In FY20, Perseus recorded EBITDA from operations of A$273.8 million, a 67% increase compared to the previous financial year.
Robust resource modelling
Perseus managing director and CEO Jeff Quartermaine said: “In the last twelve months, our Mineral Resource modelling at Edikan and Sissingué has proven to be robust with acceptable reconciliations being achieved between contained metal forecast by our block models and the metal we actually recovered at both mines.
“Notwithstanding this, we have updated our resource models based on the outcomes of our stringent reconciliation processes, striving to continually improve our ability to provide the best possible forecast of future ounce production.”
Increase in ore reserves
Quartermaine added “Our latest Ore Reserve estimates assume a gold price of US$1,300 per ounce for calculating revenues, US$100 per ounce more the price previously assumed.
“Pit shells have variously been used to guide pit designs based on gold prices between US$1,040 and US$1,300 per ounce, depending on the mine life of the deposit.
“This has increased the Ore Reserves at both the AF Gap and Fetish deposits at Edikan.

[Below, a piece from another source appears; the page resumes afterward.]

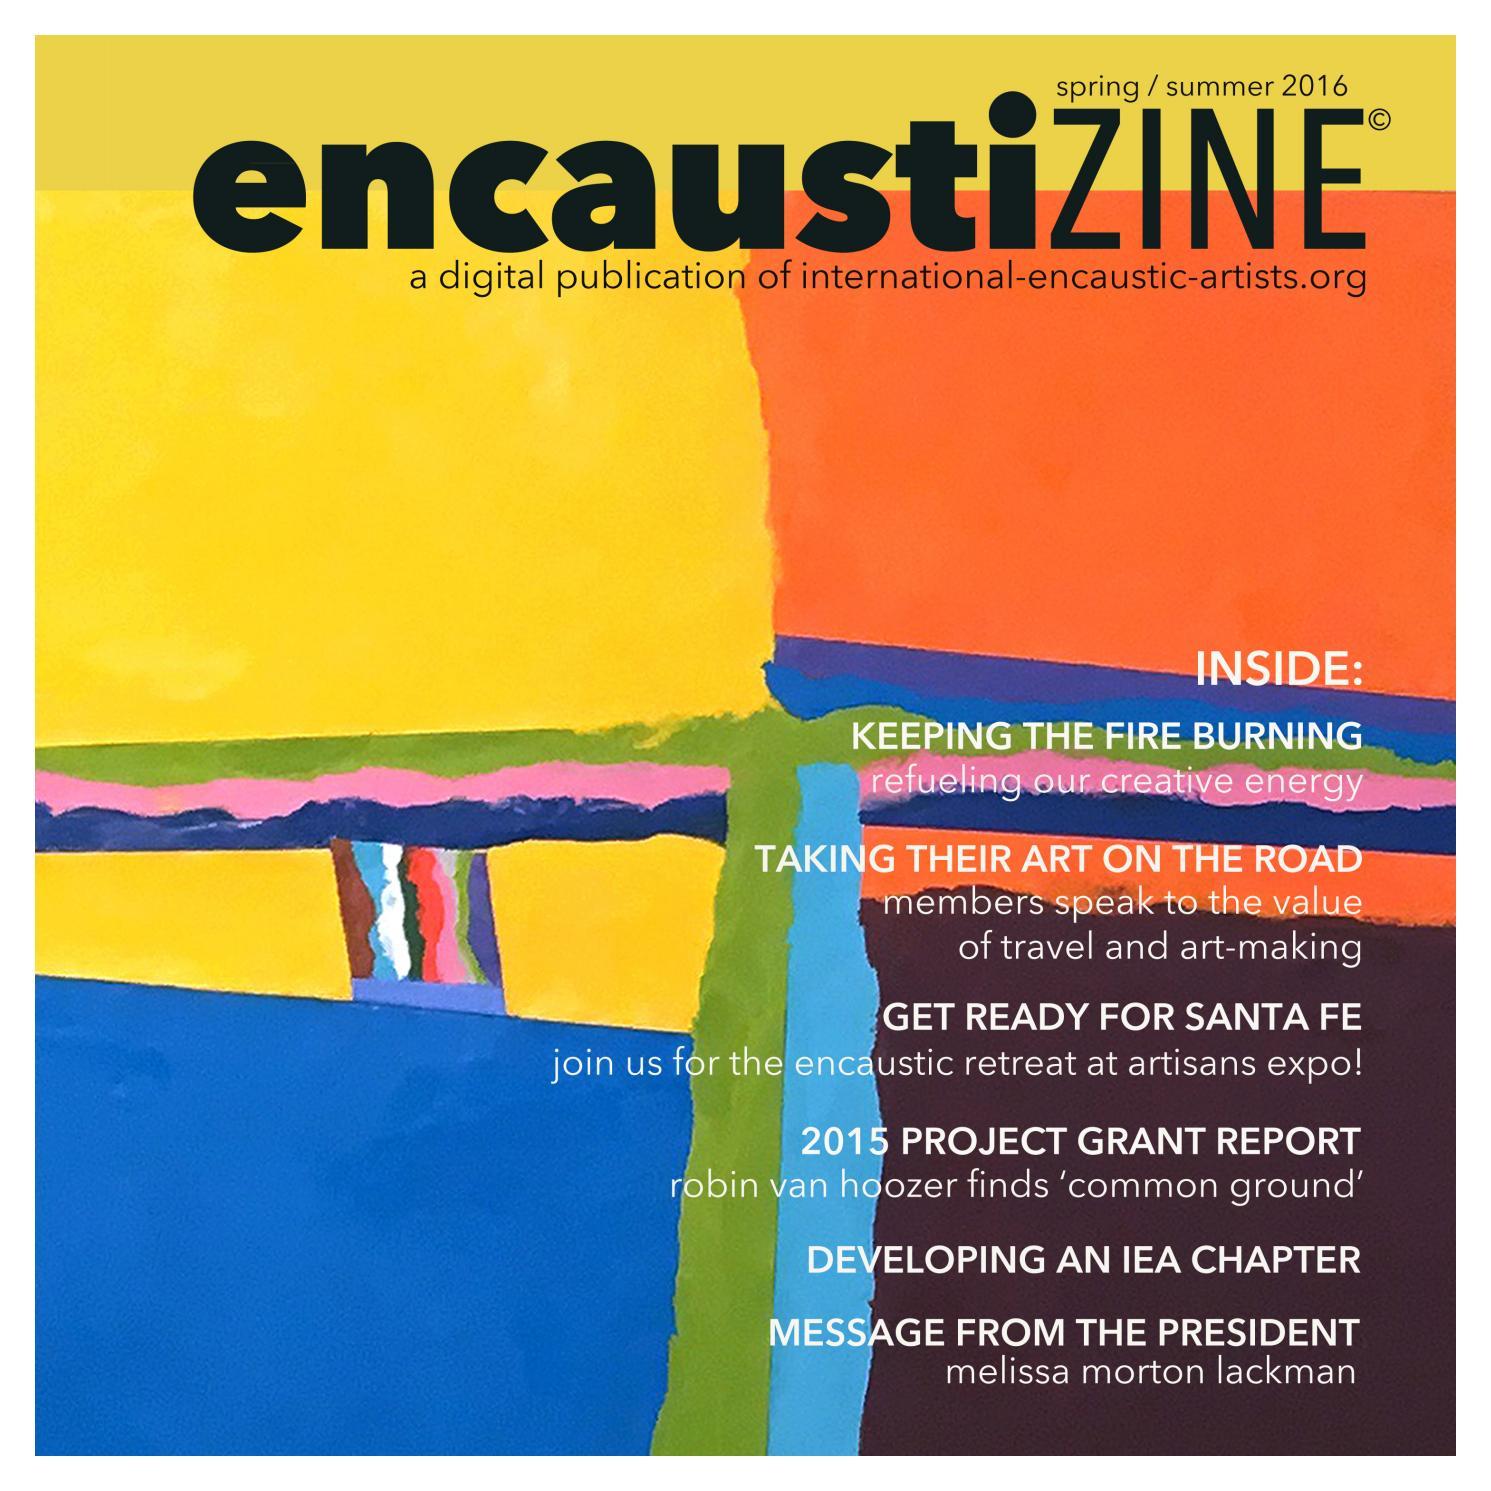 Encaustic: a selection of sites
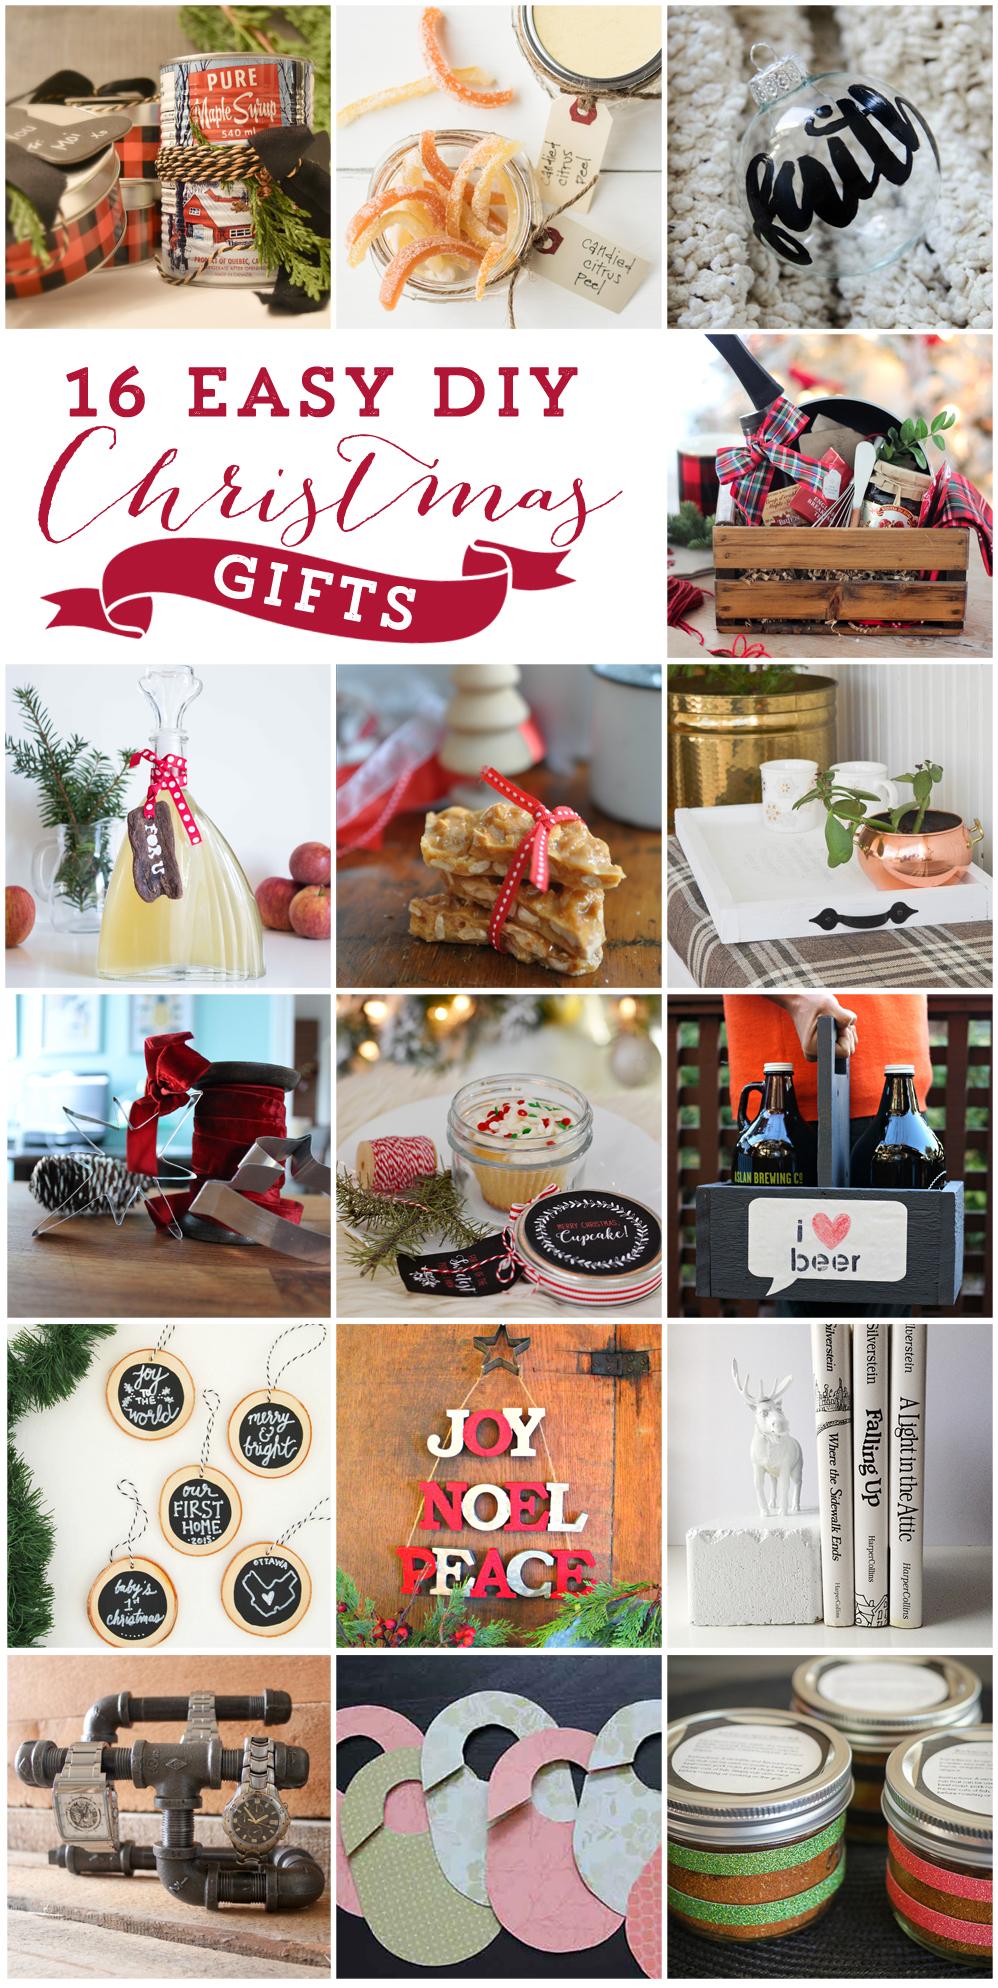 16 Easy & Beautiful DIY Christmas Gifts to Make

“Additional drilling at the Fimbiasso deposits near Sissingué and the Bokitsi South deposit at Edikan has resulted in modest additions to the Ore Reserves and importantly improved the level of confidence in the accuracy of the various estimates.
“Despite mining depletion of over three hundred thousand in situ ounces in the last 12 months, Perseus’s total Ore Reserves have incrementally increased due to near mine exploration success and pit optimisations.”